Minority labels and noisy correction data can cause disproportionate error rates.
-
Ingestion validation before dataset write
data/build_ocw_dataset.py::validate_ingestion()blocks invalid or low-quality rows (null required fields, invalid labels/sources, duplicatedoc_id, empty text, etc.) and warns for sparse labels. -
Split validation before train/eval artifacts are written
data/batch_pipeline.py::validate_training_set()blocks invalid train/eval splits (required columns, duplicates, tiny class counts, too-small splits, leakage) and warns on severe label skew. -
Retrain-time required-label gate
training/retrain_trigger.pyrunsdata/validate_dataset.pybefore retraining, with Run B requirements:- required labels:
Lecture Notes,Other,Problem Set,Exam,Reading - minimum examples per label check
- required labels:
-
Human correction upweighting
training/train.pyassigns sample weights (10x) to rows withsource == "user_feedback", so verified human corrections have higher influence than base rows during fit.
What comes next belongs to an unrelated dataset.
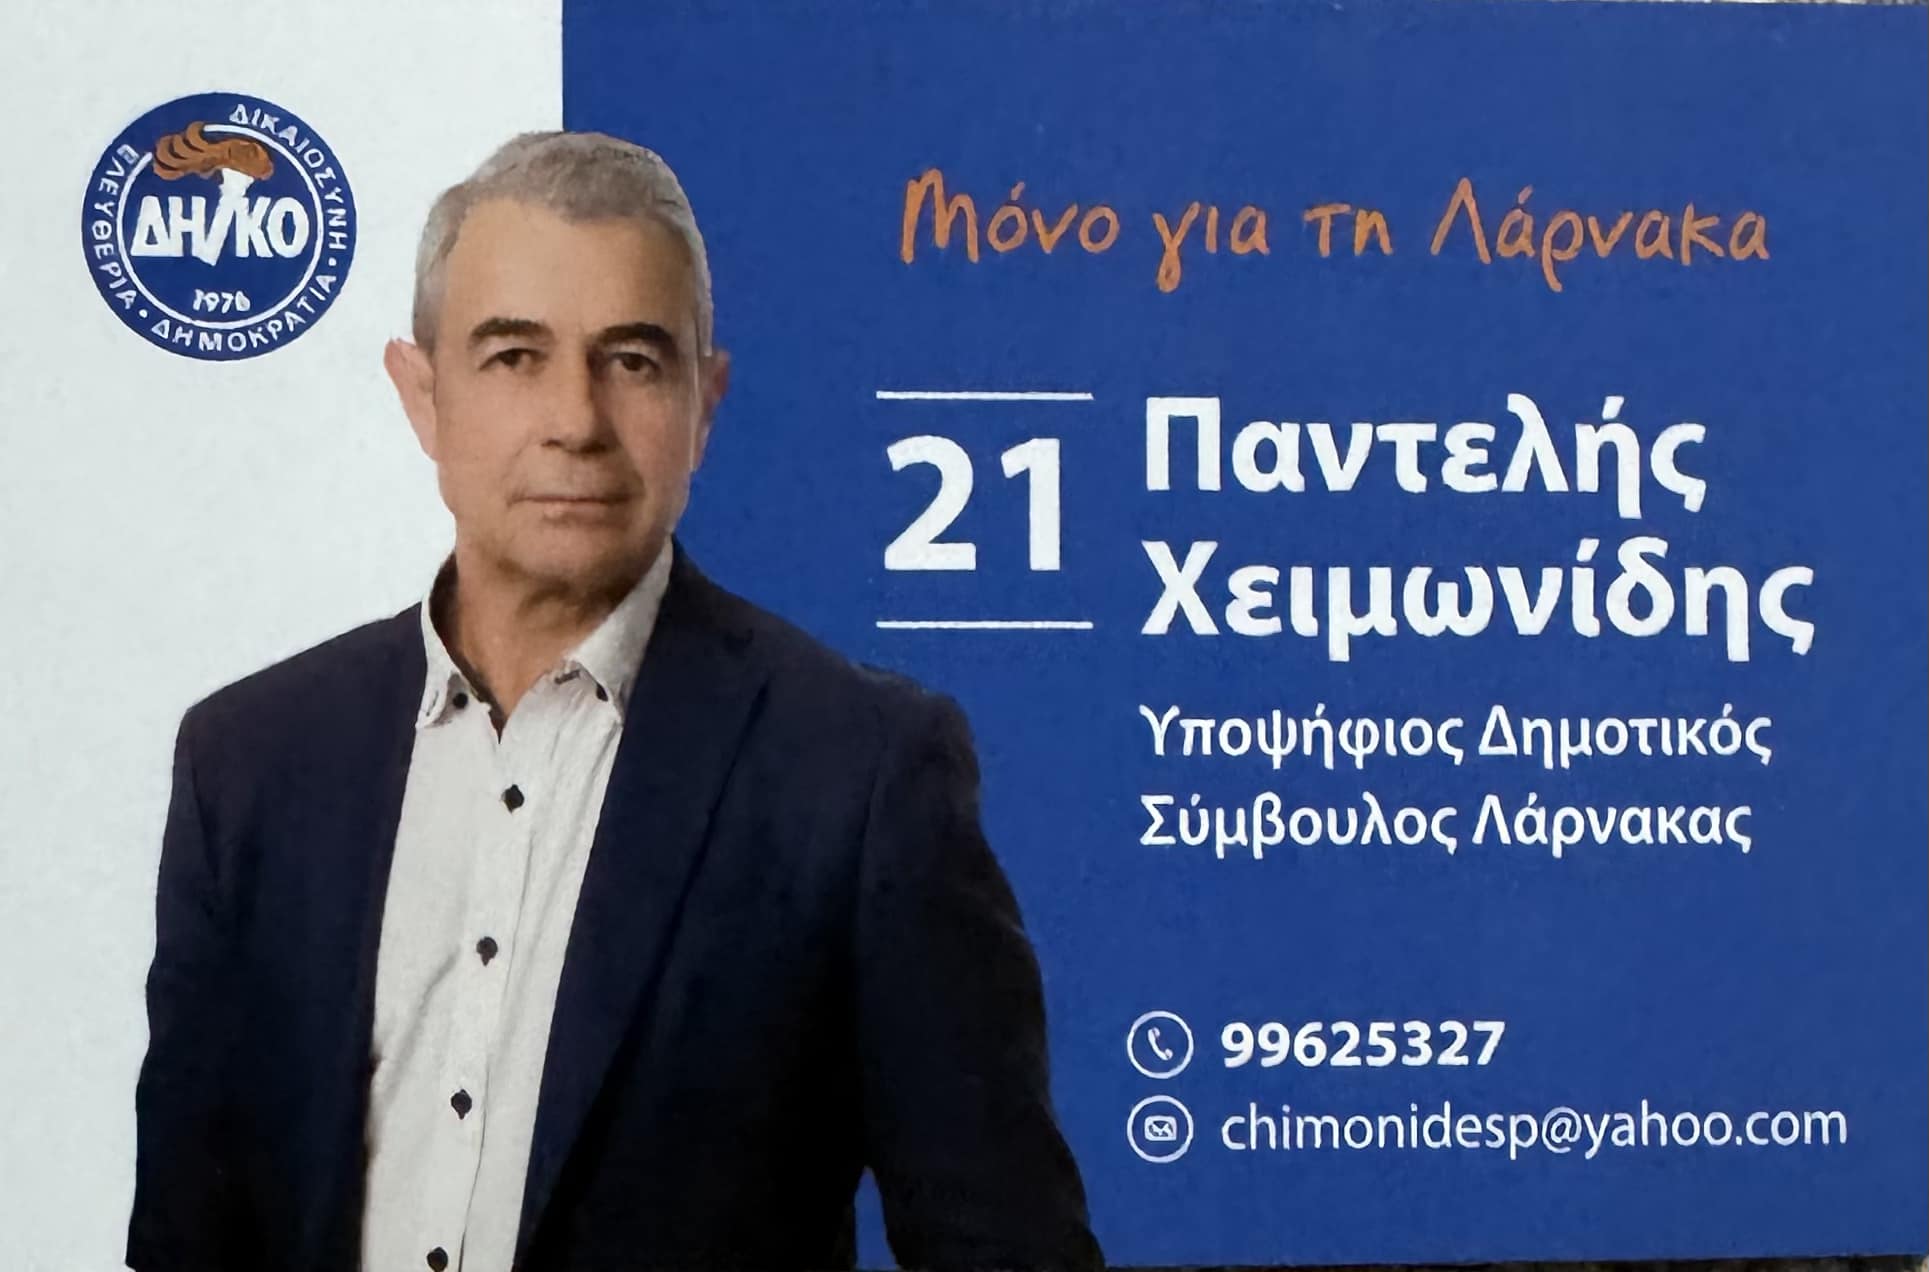 Την υποψηφιότητα του εξήγγειλε ο Παντελής Χειμωνίδης για Δημοτικός Σύμβουλος Λάρνακας

Users and operators cannot trust outcomes if decisions are opaque.
-
Prediction confidence + ranked alternatives returned to clients Serving responses include predicted tag, confidence, and top predictions (
serving/app/main.py,serving/app/predictor.py). -
Data lineage and split provenance persisted
data/batch_pipeline.pywritessplit_metadata.jsonfor each dataset version (row counts, label distributions, course split info, timestamp). -
Drift reasoning persisted
data/drift_monitor.pywrites detailed drift diagnostics both todrift_report.jsonanddrift_metrics.details(JSONB), including threshold breaches and per-check outcomes. -
Retrain decision trace
training/retrain_trigger.pywrites retrain events intoretrain_log.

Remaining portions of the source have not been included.